▶ [Work required]: Among the entries below, copy only the span from the line containing "Table 3d model max" through the line containing "clio manage contact management image". Do so exactly, and skip the pictures.

▶ [Given data]:
※ ※ ※

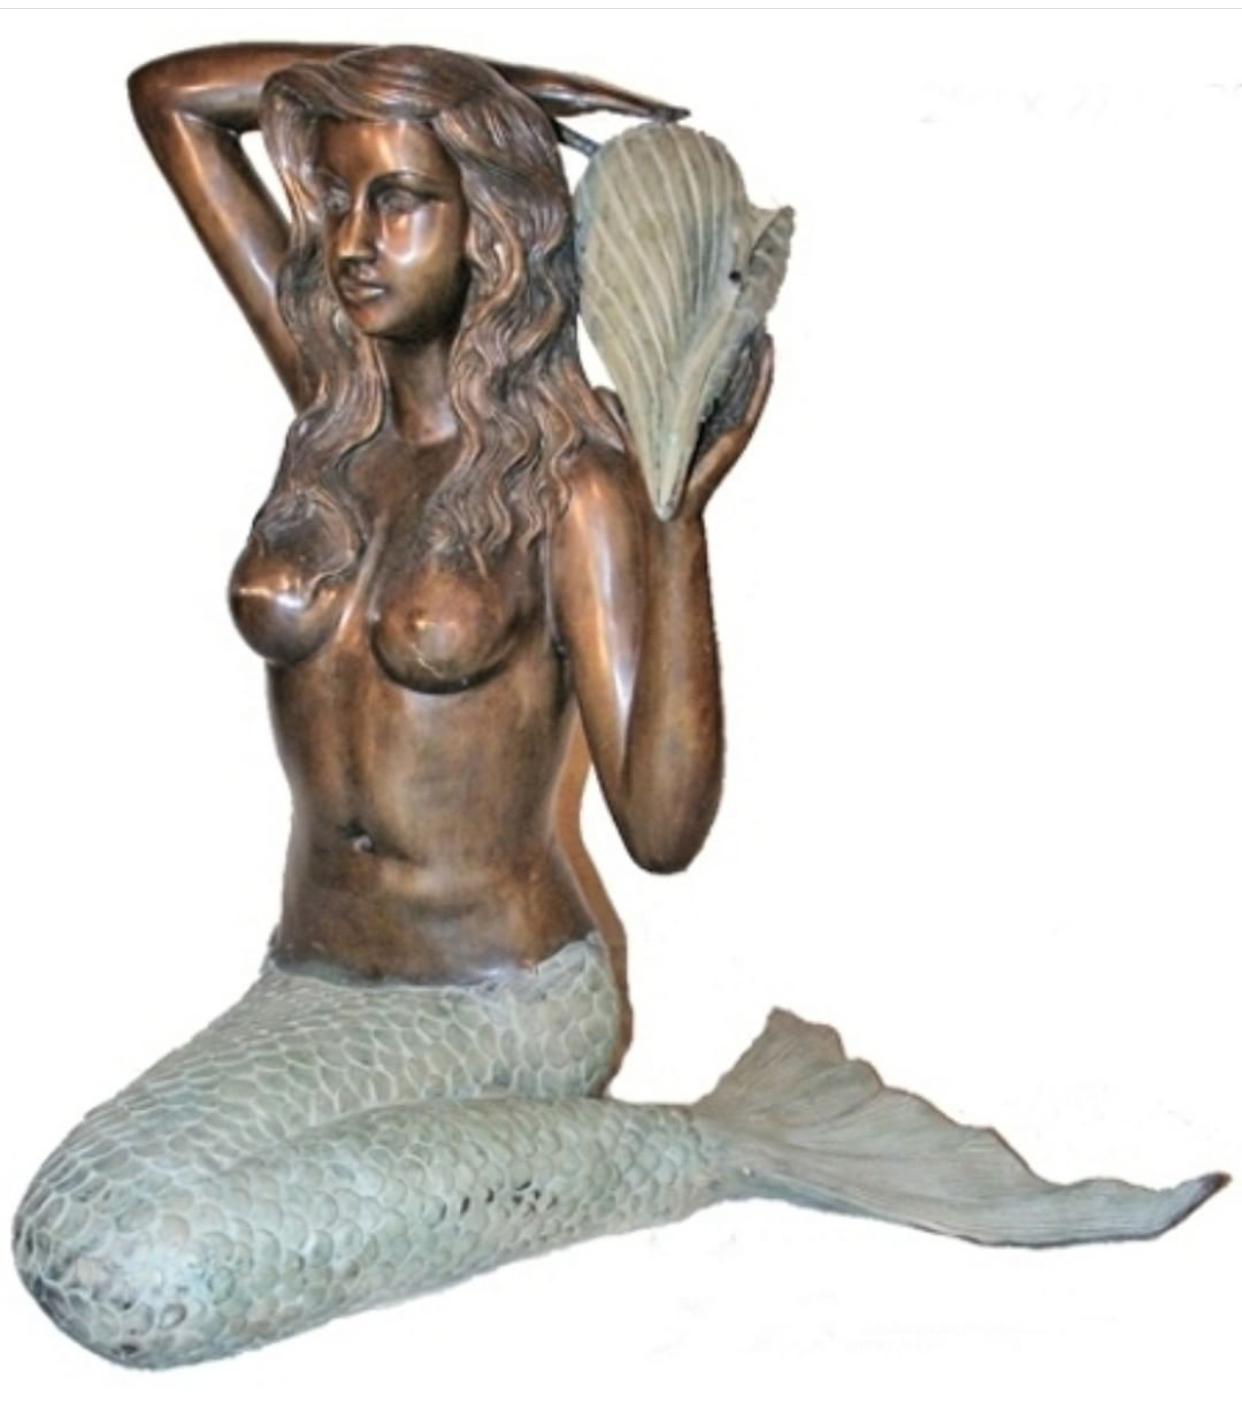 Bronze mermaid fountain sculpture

※ ※ ※

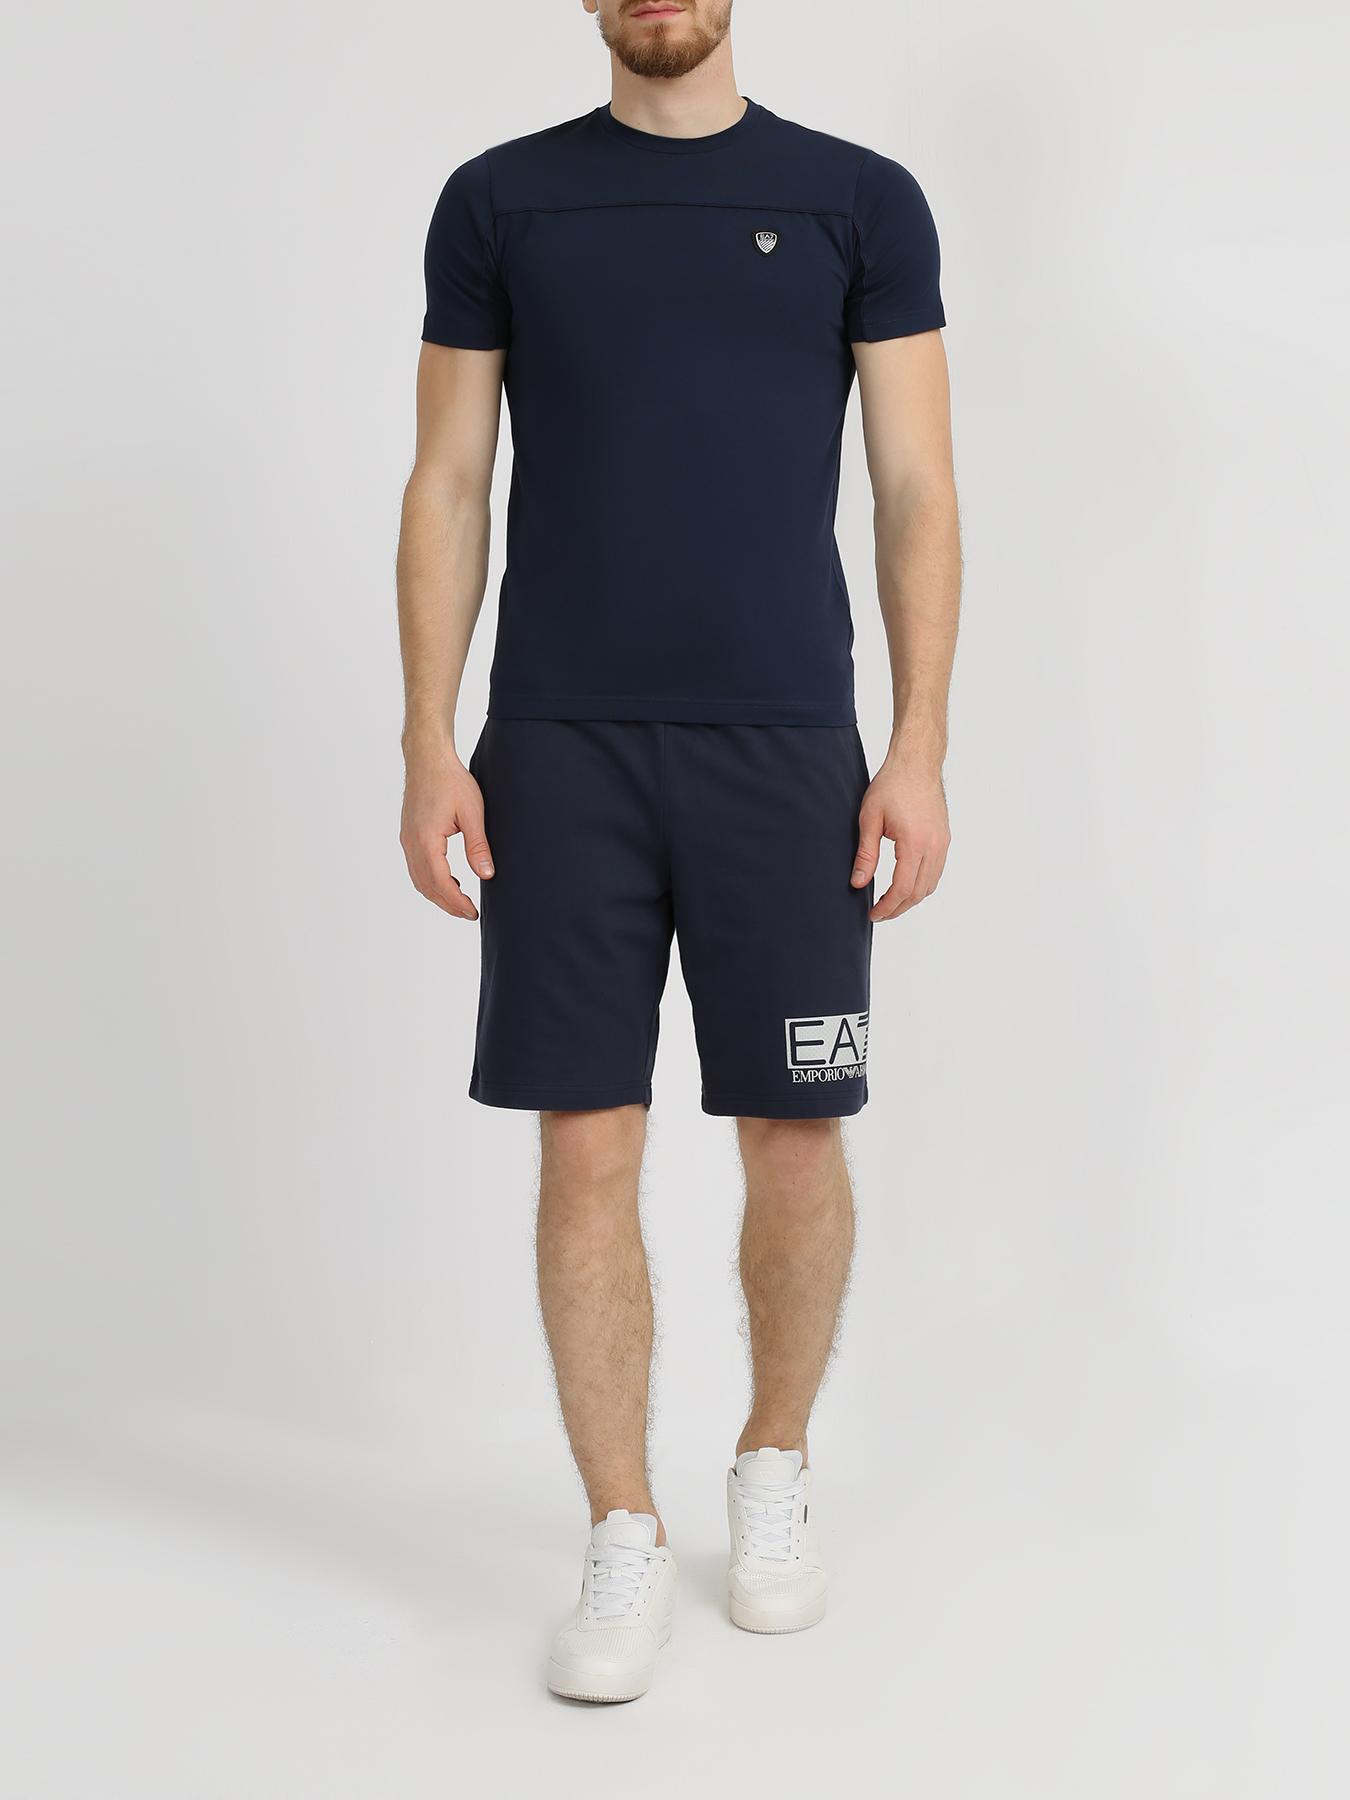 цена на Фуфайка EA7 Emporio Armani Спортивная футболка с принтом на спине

※ ※ ※

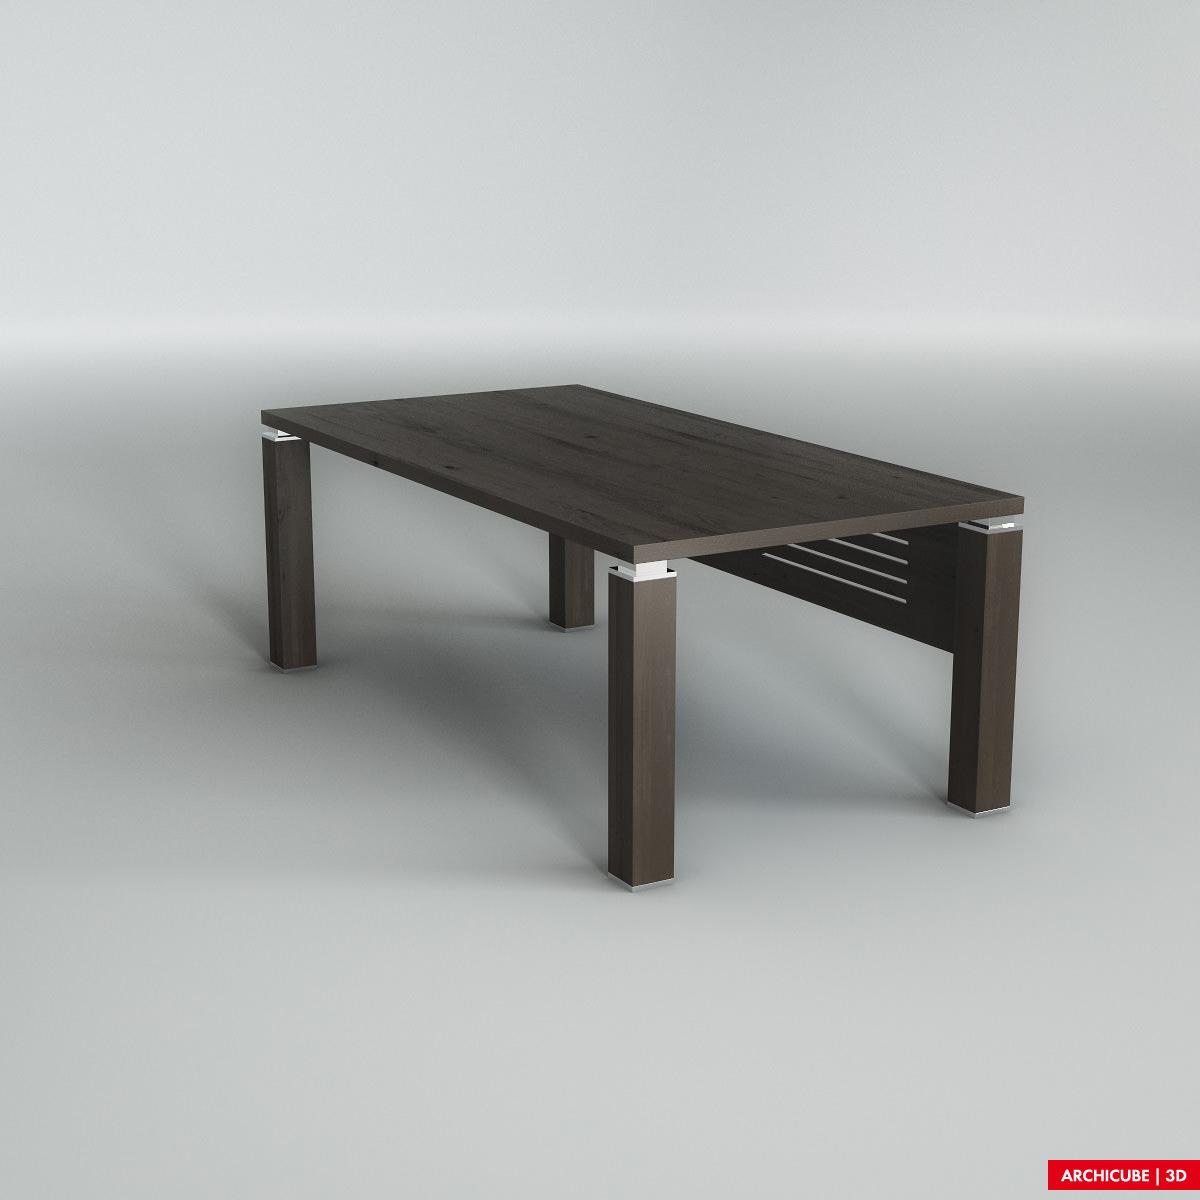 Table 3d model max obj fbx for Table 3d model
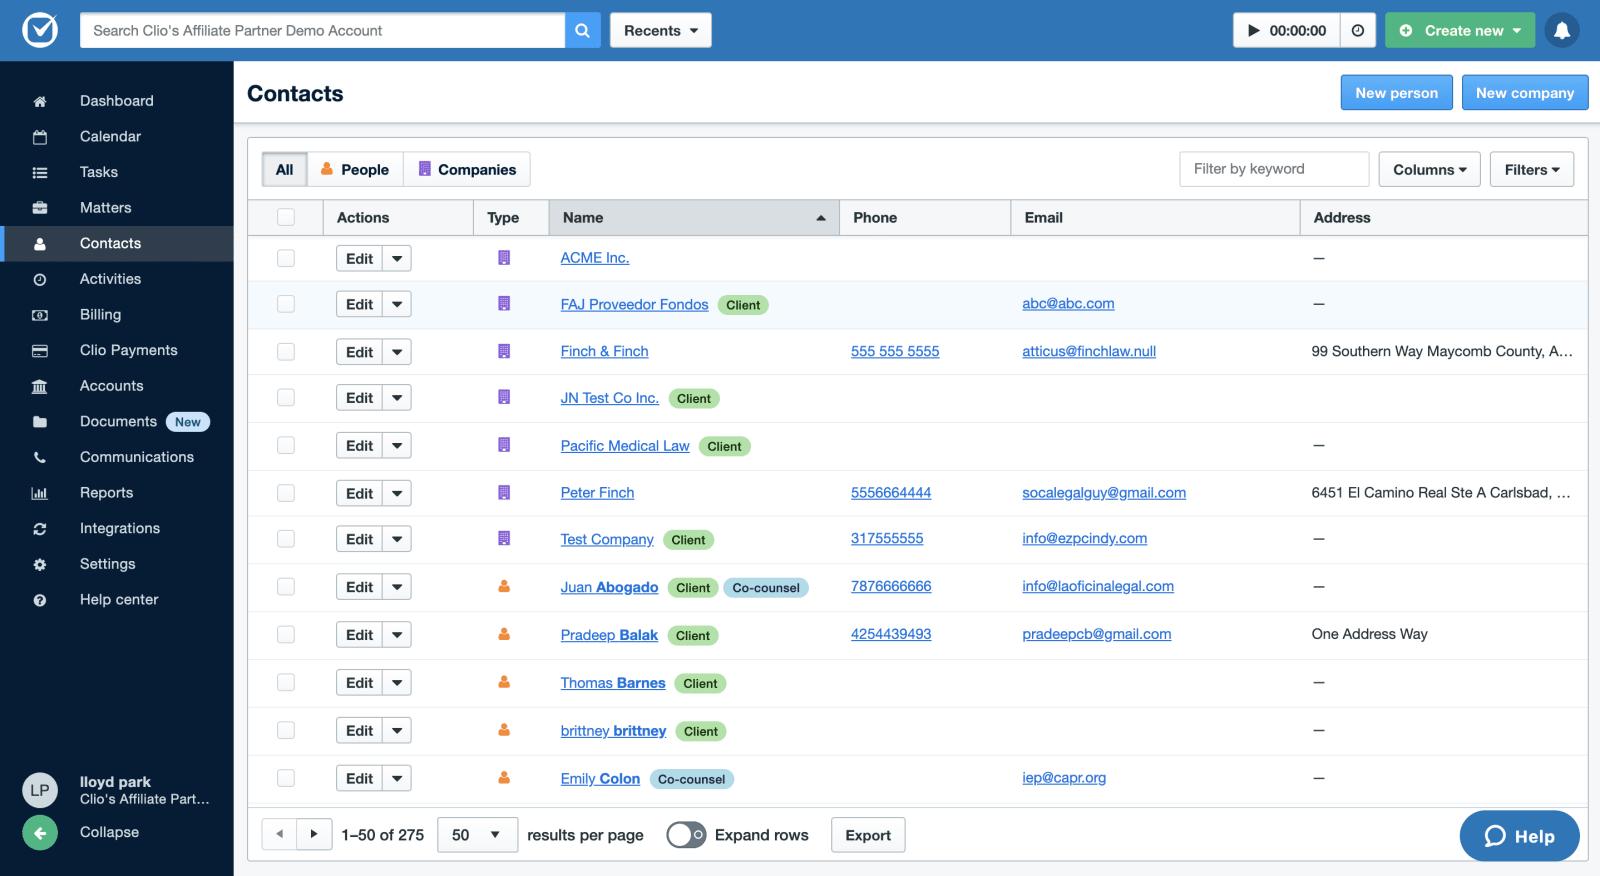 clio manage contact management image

※ ※ ※

▶ [Solution]:
 Table 3d model max obj fbx for Table 3d model
 clio manage contact management image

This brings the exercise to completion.